Work to be completed. Please repeat the lines below exactly. Begin with the line containing "by Aja Barber" and go on through the line containing "White Gold 2".

Task data.
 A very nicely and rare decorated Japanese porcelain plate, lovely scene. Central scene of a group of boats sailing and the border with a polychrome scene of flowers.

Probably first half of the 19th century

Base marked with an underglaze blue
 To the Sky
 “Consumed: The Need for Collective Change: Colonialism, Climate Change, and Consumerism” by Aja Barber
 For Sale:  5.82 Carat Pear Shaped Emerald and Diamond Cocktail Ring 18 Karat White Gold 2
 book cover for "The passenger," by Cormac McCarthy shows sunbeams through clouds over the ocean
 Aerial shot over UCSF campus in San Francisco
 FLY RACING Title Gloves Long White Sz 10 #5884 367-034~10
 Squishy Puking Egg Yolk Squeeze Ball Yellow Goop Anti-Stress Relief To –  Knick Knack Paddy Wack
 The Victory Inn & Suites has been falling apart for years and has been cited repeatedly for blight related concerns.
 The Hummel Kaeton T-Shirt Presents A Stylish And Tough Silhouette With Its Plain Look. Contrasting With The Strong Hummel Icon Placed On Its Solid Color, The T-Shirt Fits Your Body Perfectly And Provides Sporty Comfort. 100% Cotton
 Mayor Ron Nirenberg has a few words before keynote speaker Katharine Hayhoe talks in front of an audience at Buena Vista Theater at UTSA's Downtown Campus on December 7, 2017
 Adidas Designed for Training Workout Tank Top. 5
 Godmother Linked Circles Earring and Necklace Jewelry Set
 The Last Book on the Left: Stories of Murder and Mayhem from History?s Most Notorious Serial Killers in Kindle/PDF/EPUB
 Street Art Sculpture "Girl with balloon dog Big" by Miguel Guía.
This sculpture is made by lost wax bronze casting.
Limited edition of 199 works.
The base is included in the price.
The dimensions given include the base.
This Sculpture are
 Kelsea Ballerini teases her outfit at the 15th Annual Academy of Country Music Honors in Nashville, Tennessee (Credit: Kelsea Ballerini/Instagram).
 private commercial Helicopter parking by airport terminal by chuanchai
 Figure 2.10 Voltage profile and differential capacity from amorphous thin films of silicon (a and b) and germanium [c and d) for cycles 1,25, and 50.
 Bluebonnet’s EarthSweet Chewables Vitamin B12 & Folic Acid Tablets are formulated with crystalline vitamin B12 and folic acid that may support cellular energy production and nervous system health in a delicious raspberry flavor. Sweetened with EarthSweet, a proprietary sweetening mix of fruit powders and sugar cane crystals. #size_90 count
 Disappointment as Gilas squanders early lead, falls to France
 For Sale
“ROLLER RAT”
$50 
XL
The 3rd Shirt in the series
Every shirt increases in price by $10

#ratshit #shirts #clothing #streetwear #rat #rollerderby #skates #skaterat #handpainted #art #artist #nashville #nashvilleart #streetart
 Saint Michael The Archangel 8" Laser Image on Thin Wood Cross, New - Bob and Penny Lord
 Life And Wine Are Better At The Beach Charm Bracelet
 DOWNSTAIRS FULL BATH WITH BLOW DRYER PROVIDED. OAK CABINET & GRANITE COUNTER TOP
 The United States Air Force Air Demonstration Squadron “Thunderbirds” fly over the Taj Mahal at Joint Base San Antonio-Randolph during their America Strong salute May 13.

Your response.
 “Consumed: The Need for Collective Change: Colonialism, Climate Change, and Consumerism” by Aja Barber
 For Sale:  5.82 Carat Pear Shaped Emerald and Diamond Cocktail Ring 18 Karat White Gold 2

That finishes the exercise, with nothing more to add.